In an academic paper by the Boston College Economics Department, the design of a MMORPG’s economy generally follows a pipes model.

Virtual goods and virtual currency flow top down from faucets to players and then eventually to sinks. FAUCETS are defined as “interactions within the game which produce digital goods or currency as a result of player actions.” With that interaction, wealth is brought into the game, only to be then bounced from player to player or directly fall into a SINKHOLE, removing that wealth from the game.

Generally, the primary sinkhole of a MMORPG is COMBAT. Players accumulate wealth with the intention to employ it in fighting, be it to contest territory, objectives, and so on.

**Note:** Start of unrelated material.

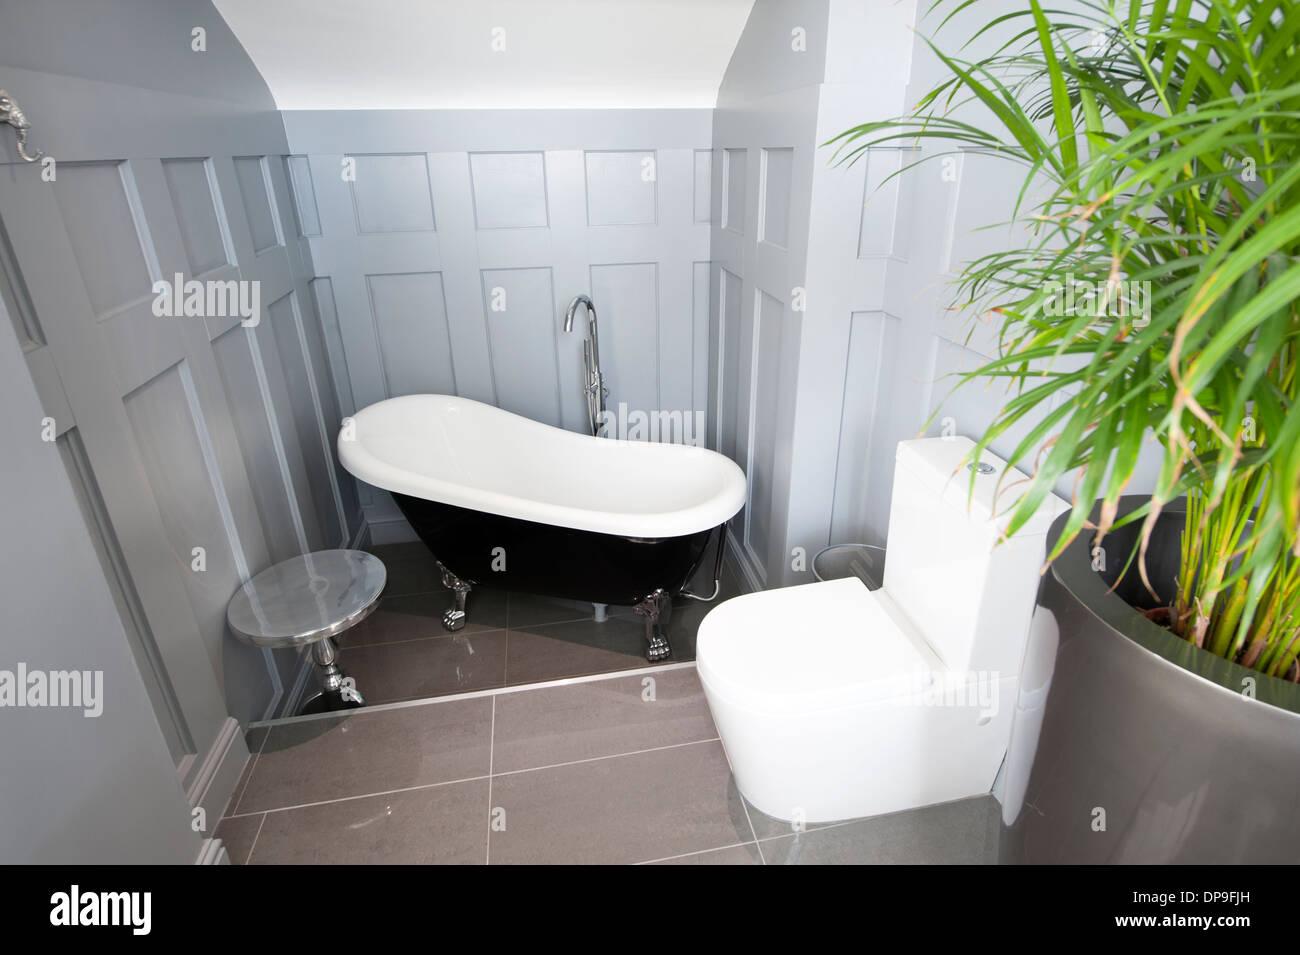 Victorian Bath Tub Stock Photos & Victorian Bath Tub Stock Images ...

In the case of Vendetta Online, PvP (and PvE on a lesser scale) can and should be considered that sinkhole. However, with the current amount of active players, the effectiveness of such a sinkhole dwindles down. I believe the less engagements that take place can be correlated with the increase of wealth.

With that under consideration, while a new economy is still in the works, I suggest that new sinkholes should be implemented not only to help control the ever-increasing growth of money supply, but to also target the money stock of veteran players whose wealth was accumulated through unintended means.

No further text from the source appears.